**Task brief**:
Omit all pictures, and print word for word only the lines from the one containing "kare design –" through the end of the data.

**Data excerpt**:
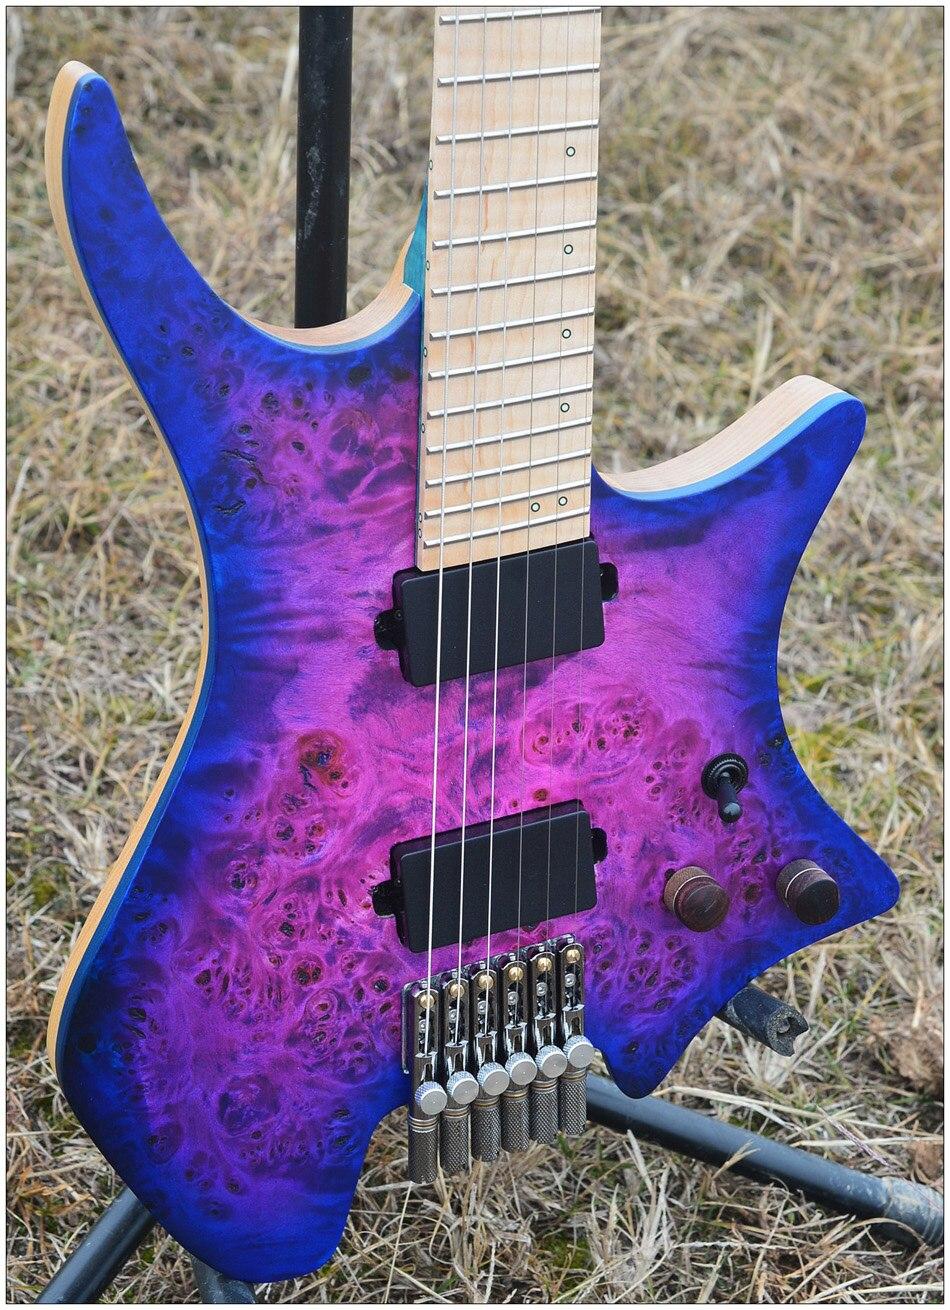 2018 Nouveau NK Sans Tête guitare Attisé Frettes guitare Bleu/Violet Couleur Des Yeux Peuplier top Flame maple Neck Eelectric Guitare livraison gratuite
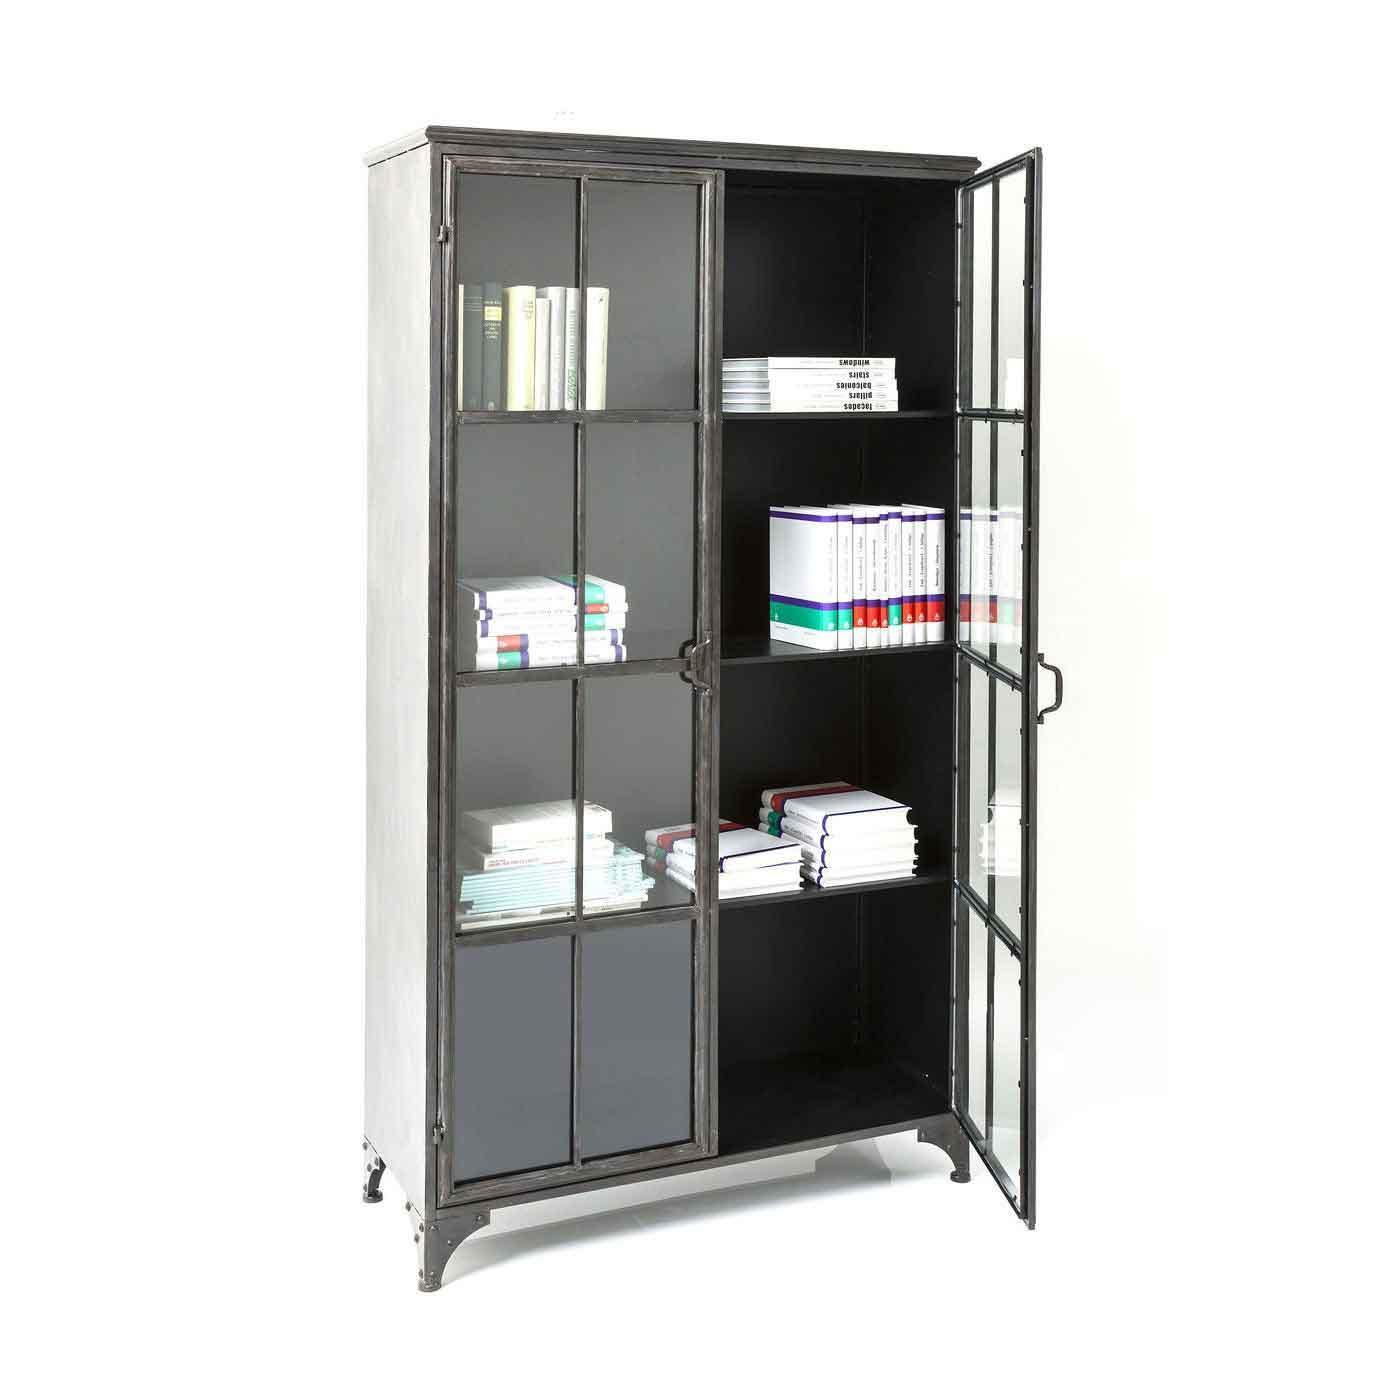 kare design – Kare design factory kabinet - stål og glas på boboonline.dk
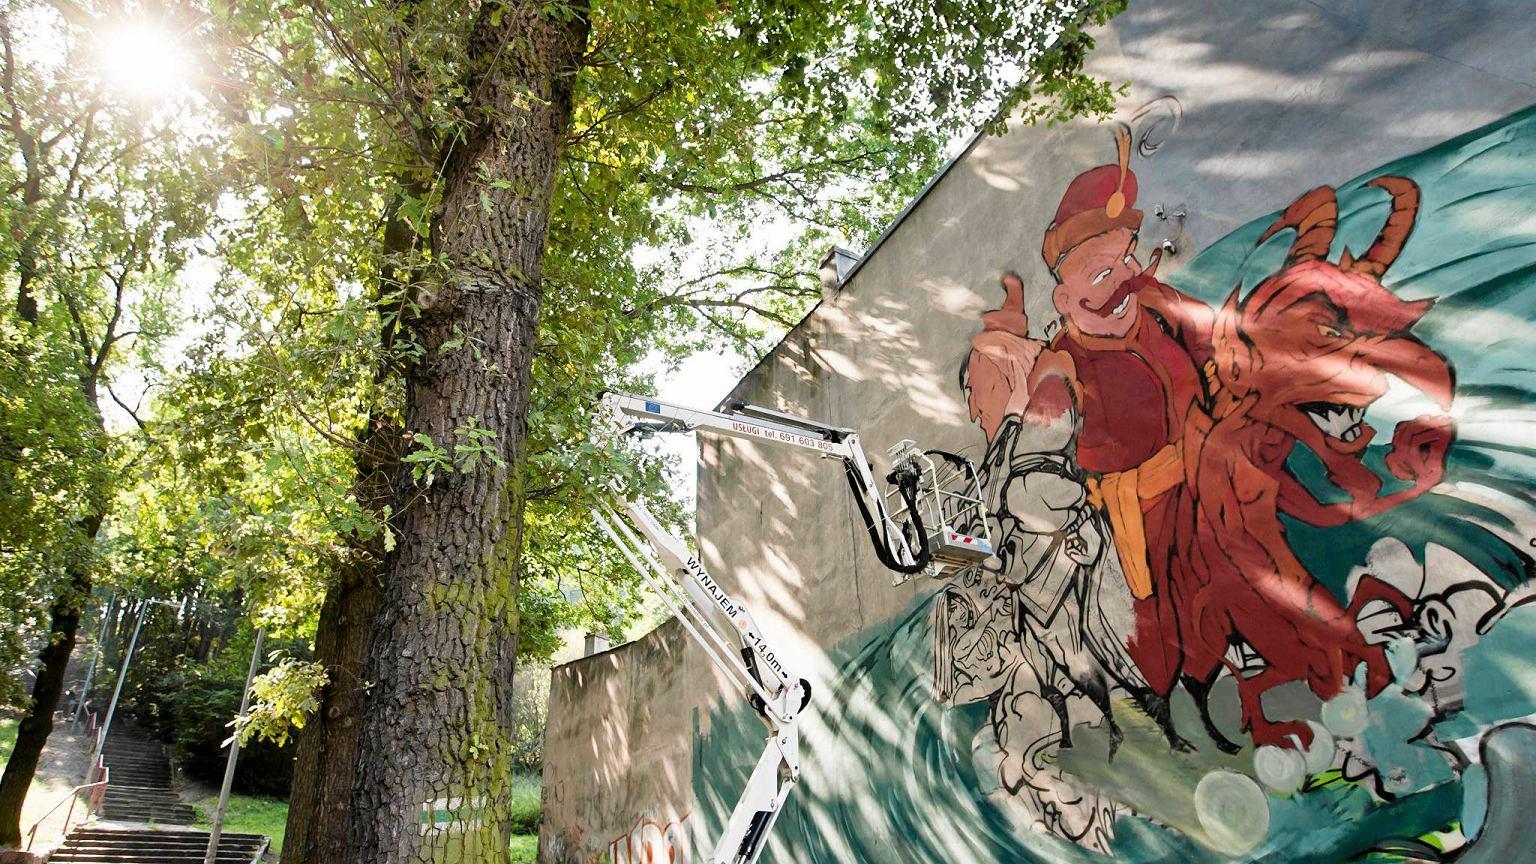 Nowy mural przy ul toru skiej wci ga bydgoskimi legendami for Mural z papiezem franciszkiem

**Task solution**:
 kare design – Kare design factory kabinet - stål og glas på boboonline.dk
 Nowy mural przy ul toru skiej wci ga bydgoskimi legendami for Mural z papiezem franciszkiem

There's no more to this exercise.